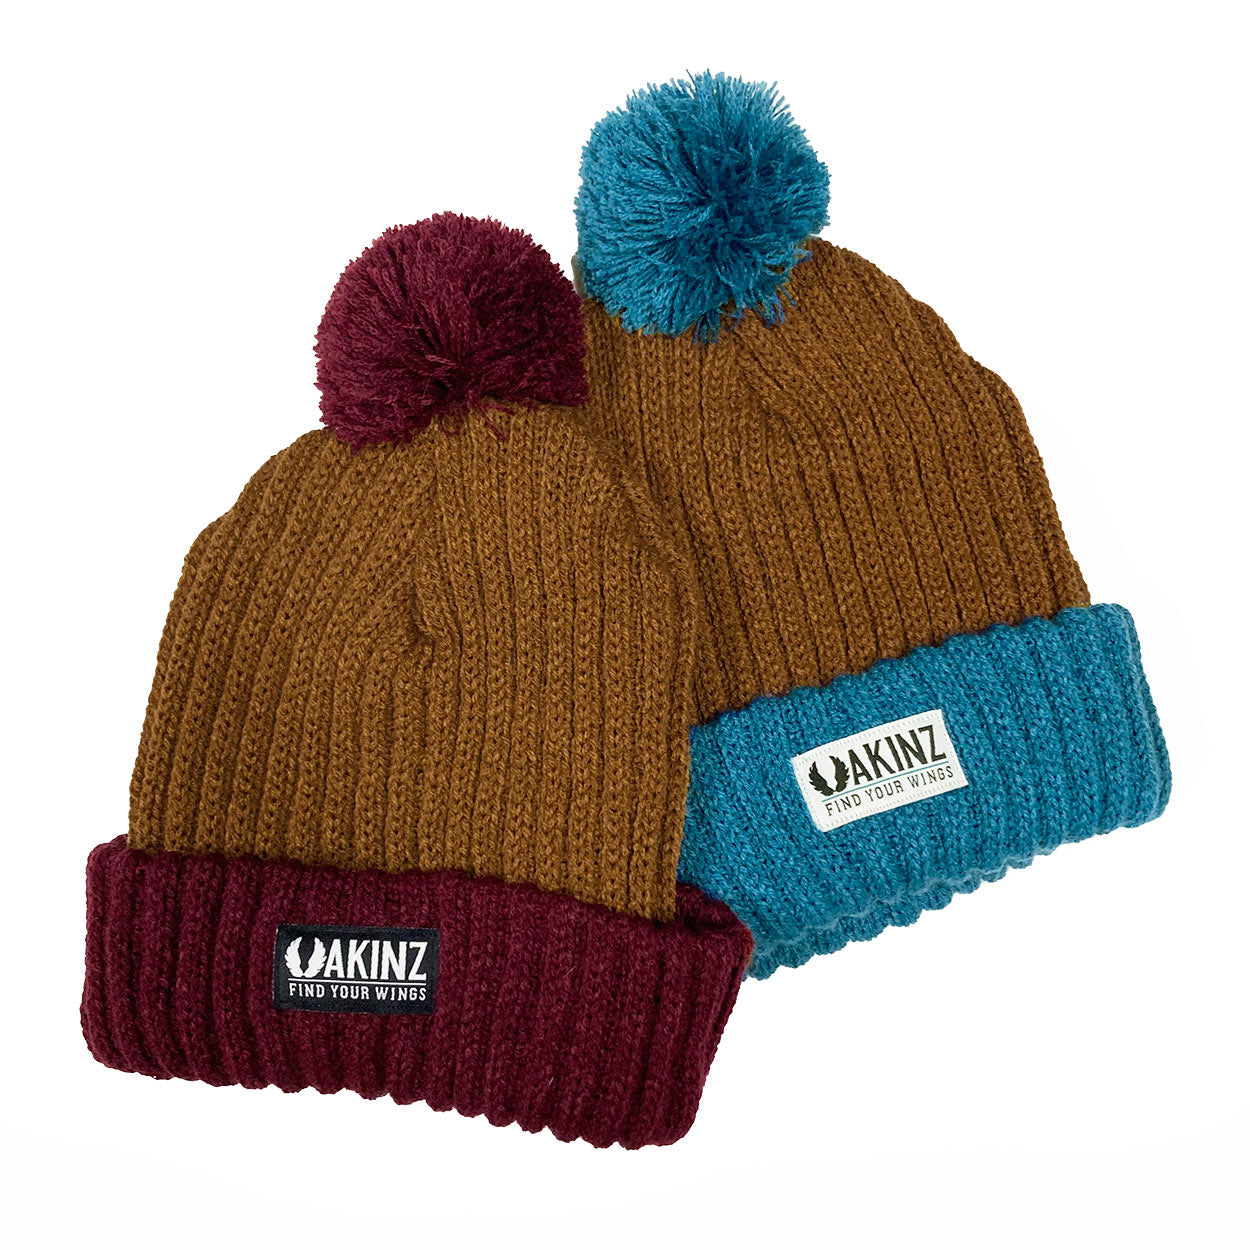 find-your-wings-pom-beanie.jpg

--------------------

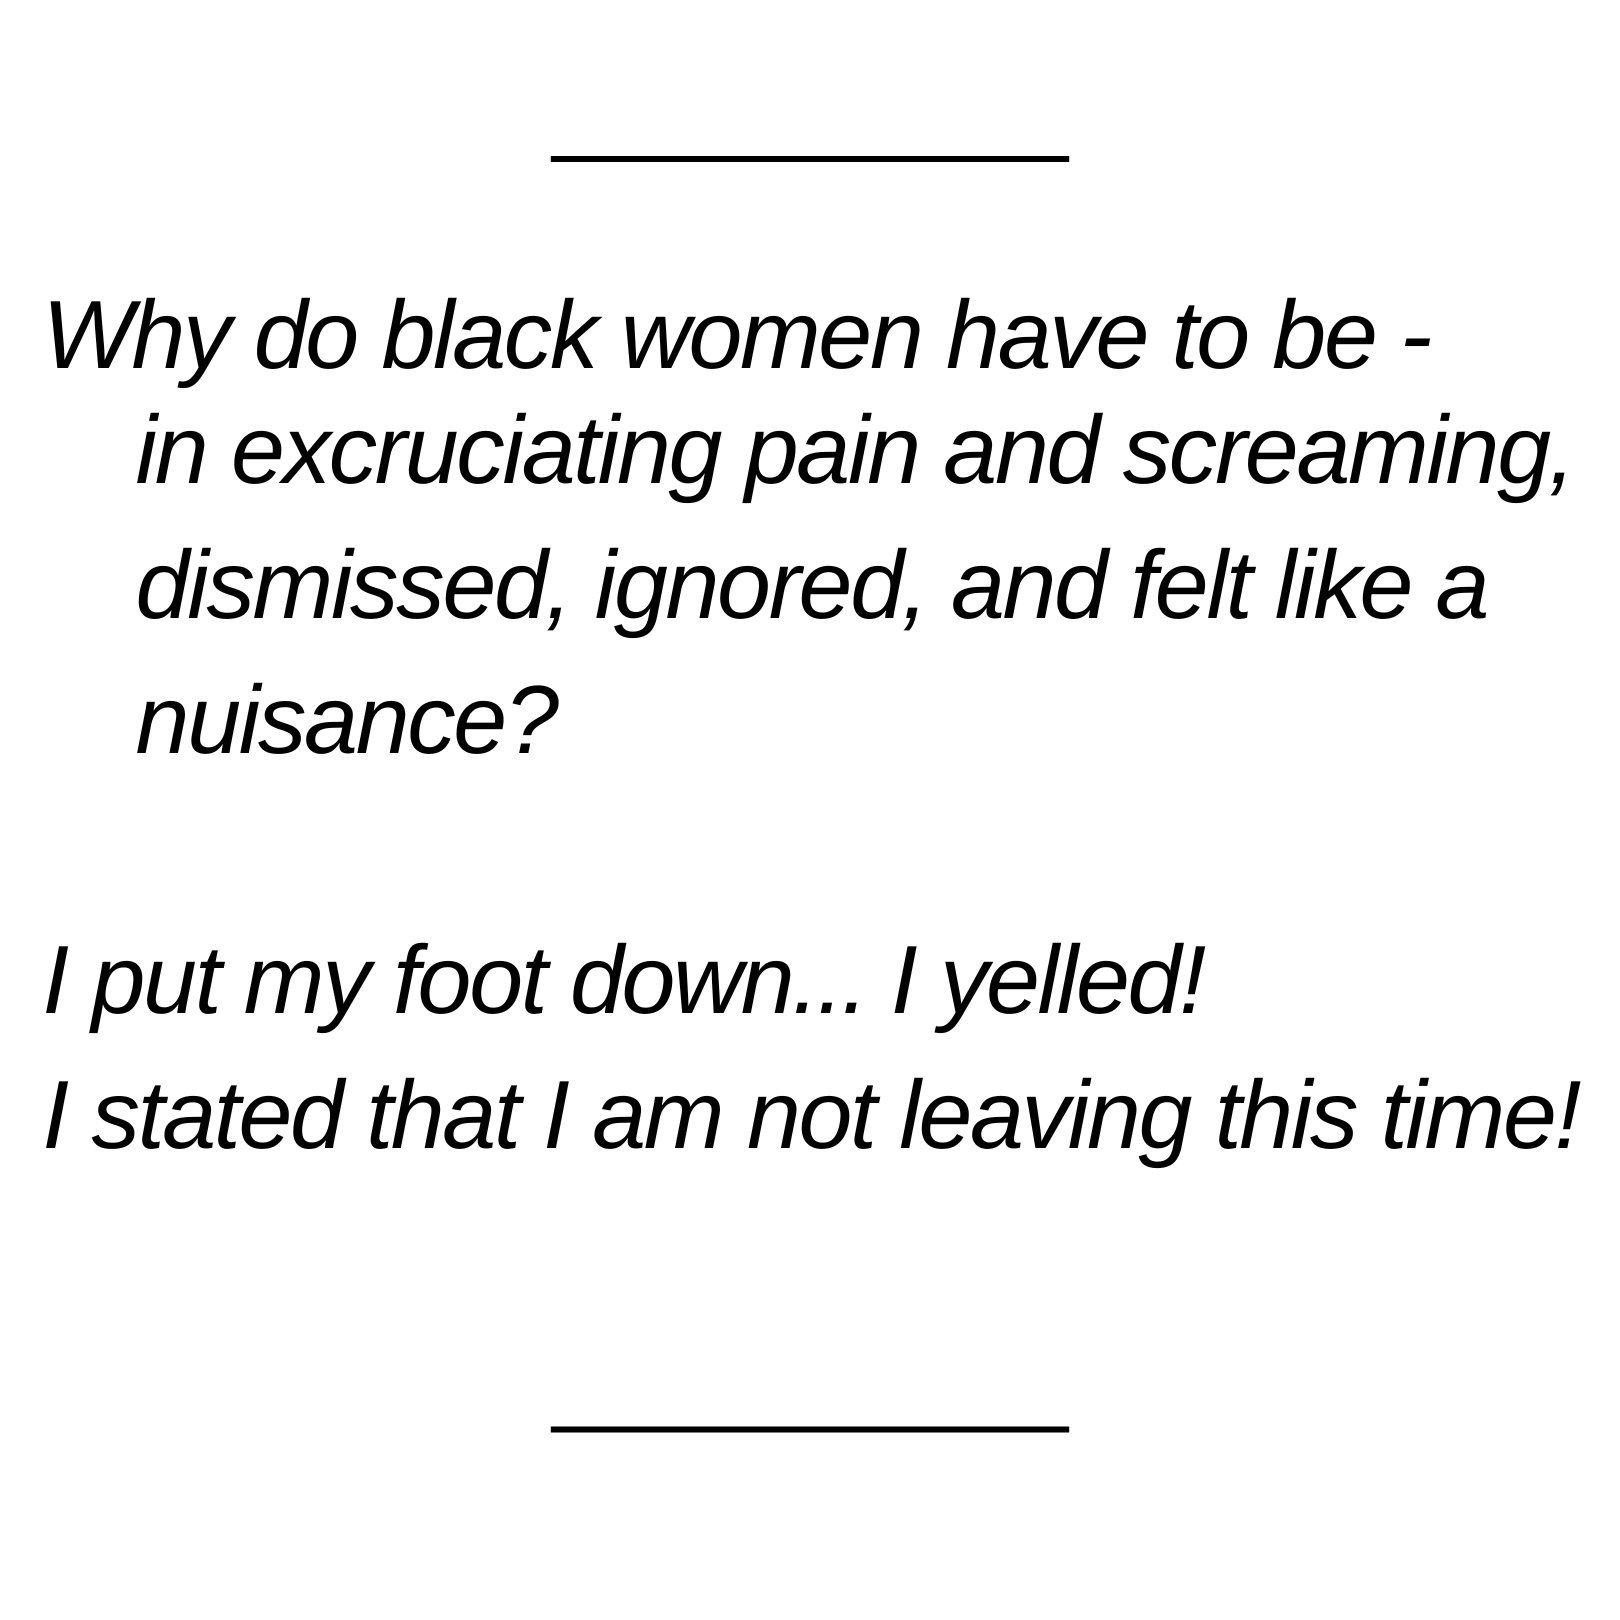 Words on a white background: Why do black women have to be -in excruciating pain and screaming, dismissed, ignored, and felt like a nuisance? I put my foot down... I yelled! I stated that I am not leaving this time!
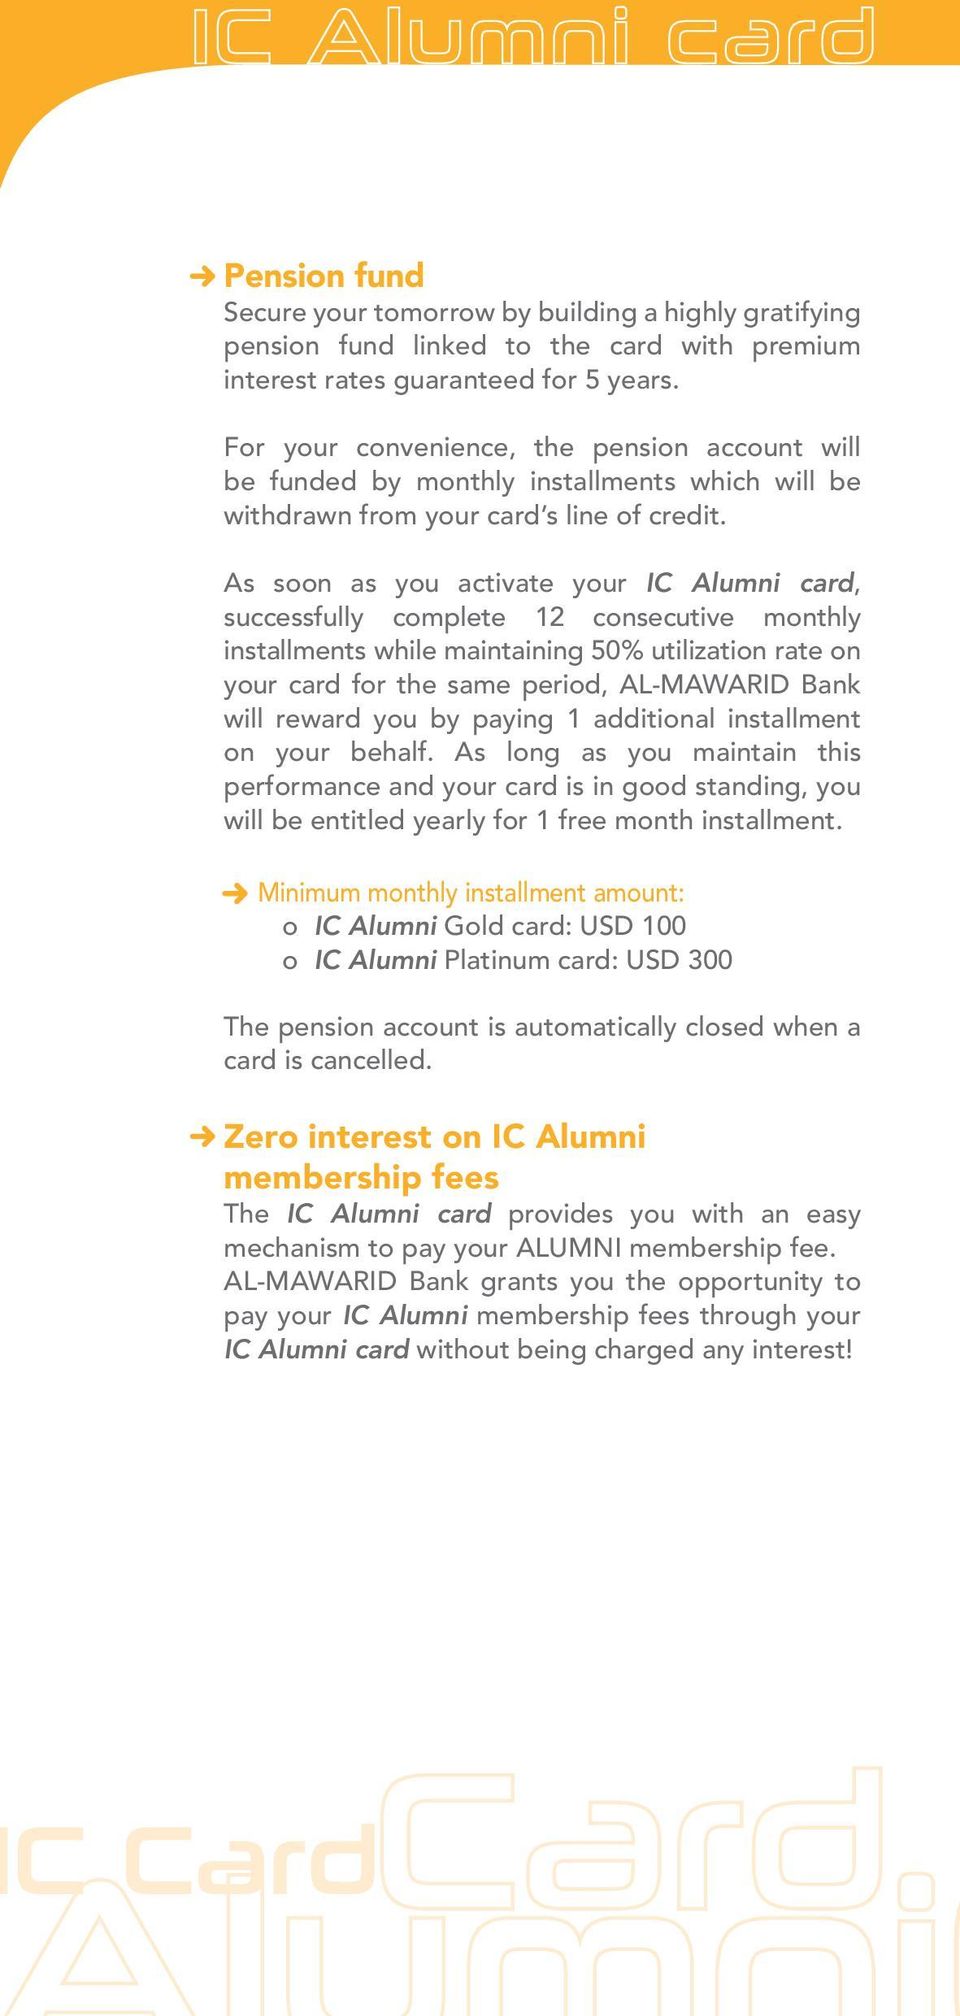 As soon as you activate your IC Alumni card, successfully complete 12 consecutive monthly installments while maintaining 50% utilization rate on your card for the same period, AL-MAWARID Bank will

--------------------

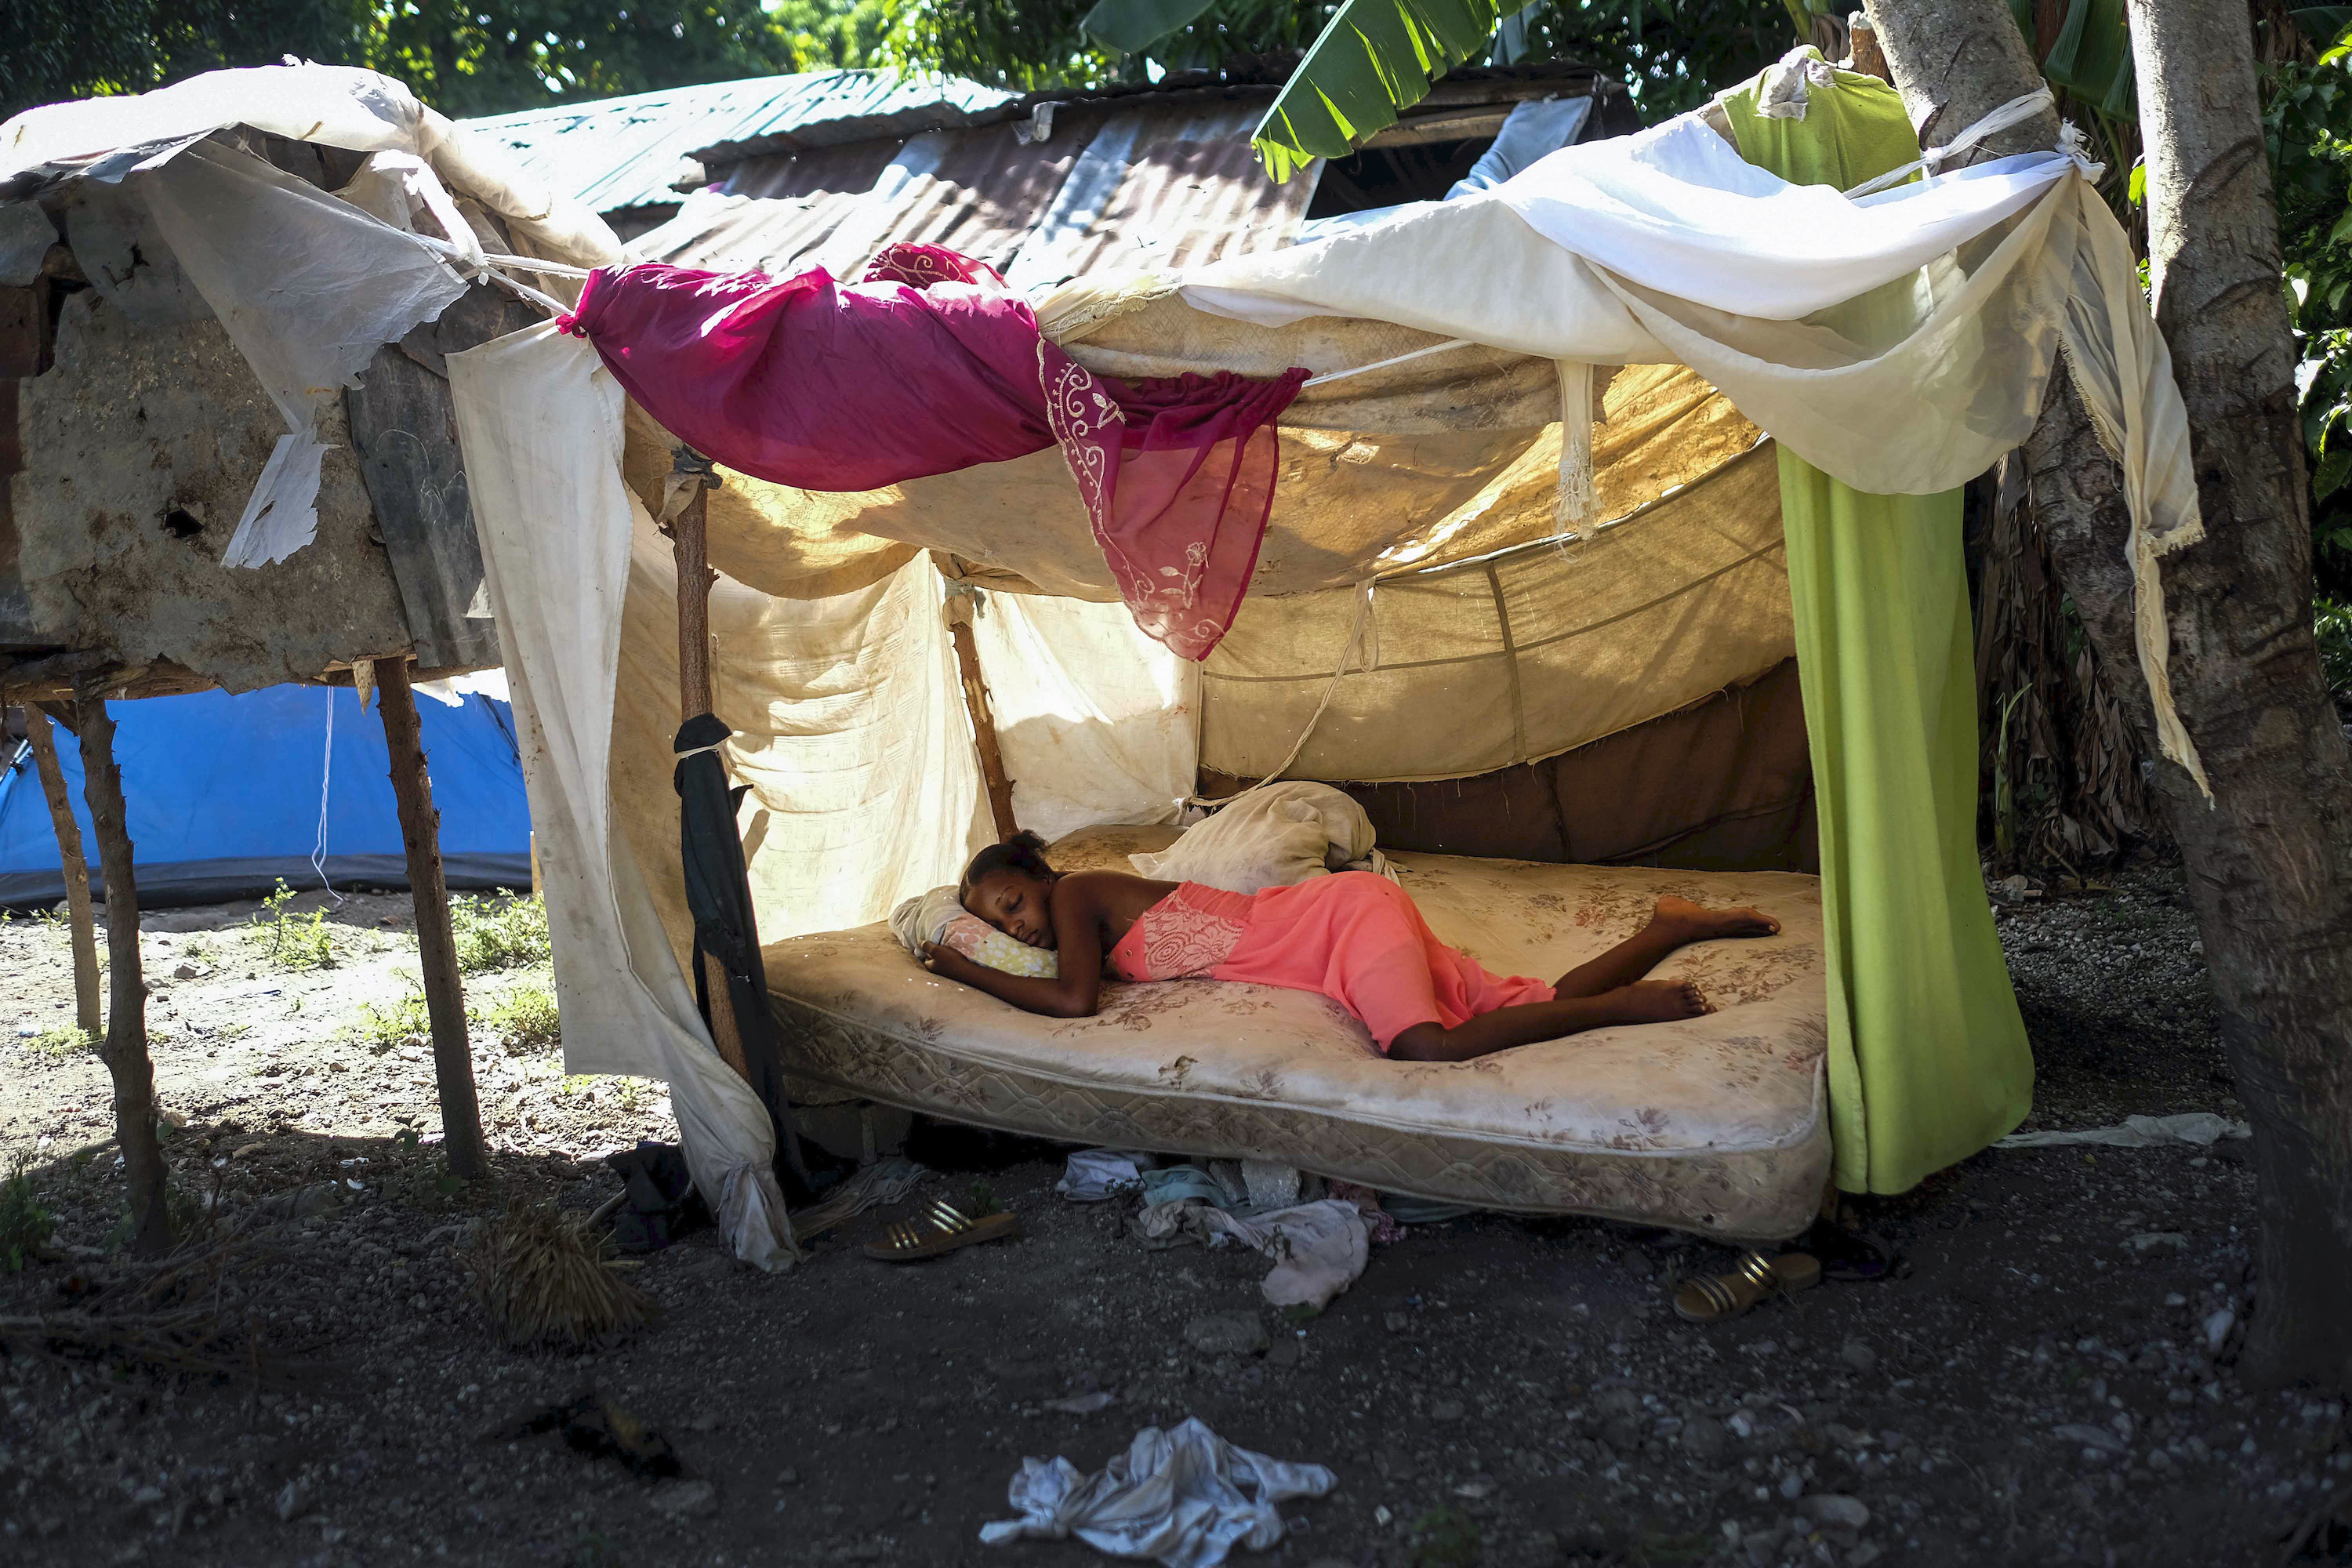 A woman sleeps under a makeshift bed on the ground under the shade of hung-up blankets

--------------------

= EXERCISE DETAILS =
The reply should hold exactly the lines above, starting at the line with "Words on a white" and ending at the line with "As soon as you", and no pictures.

= OUTPUT OF THE EXERCISE =
 Words on a white background: Why do black women have to be -in excruciating pain and screaming, dismissed, ignored, and felt like a nuisance? I put my foot down... I yelled! I stated that I am not leaving this time!
 As soon as you activate your IC Alumni card, successfully complete 12 consecutive monthly installments while maintaining 50% utilization rate on your card for the same period, AL-MAWARID Bank will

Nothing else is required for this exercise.